Incentives encouraging older employees to retire aren’t discriminatory, pressuring employees to take them can be

By Jeffrey R. Smith

When is it time to kick back and say goodbye to the working life? The answer to that isn’t what it used to be.

The age of 65 used to be accepted as the age for most people to stop working and sail off into their golden years. Many employers — including governments — even had policies that stipulated employees had to stop working and begin receiving pensions at that age.

But no more. In an age where awareness of human rights and discrimination is increasing, age discrimination has become an issue. Mandatory retirement is history, and any employers who try to force employees to call it quits when they reach a certain age are guilty of discrimination based on age, a protected ground under human rights legislation.

However, retirement plans are still important for employees — they just get to decide when they want to retire, instead of at a standard age. So employers can still provide retirement plans and incentives for employees to retire, but they have to be careful not to push the matter.

Recently, an Ontario public service employee filed and won a human rights complaint against her employer after she felt pressured to accept an offer to retire with an unreduced pension at the age of 60, with the opportunity to work for another employer while still receiving the pension. The incentive itself was not considered discriminatory — and indeed would be attractive to many employees — but the way it was presented to the employee was, said the Ontario Human Rights Tribunal.

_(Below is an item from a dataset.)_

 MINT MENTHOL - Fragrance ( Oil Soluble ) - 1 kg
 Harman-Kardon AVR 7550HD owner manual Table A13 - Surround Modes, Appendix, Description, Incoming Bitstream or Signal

The employee’s supervisor met with her several times and said she would be “foolish” not to take advantage of the opportunity. The supervisor also made negative comments about employees in the department who were on secondment — of which the employee was one — and set up a teleconference call with two retired former co-workers to discuss the advantages of retirement. The employee felt she was being pressured into retiring because of her age and the tribunal agreed.

So retirement incentive plans can be a good way for employers to encourage older employees to move on — making way for fresh talent and solving potential problems of waning productivity — and can be a good way for employees late in their careers to find the right time to retire. But it is the employee’s decision, and it can be a fine line between recommending retirement incentives and what could be perceived as coercing employees into making that decision.

What is that line? How should employers approach the promotion of retirement incentives to older employees without risking an accusation of age discrimination? What happens if an older employee feels targeted by such incentives?

Jeffrey R. Smith is the editor of Canadian Employment Law Today.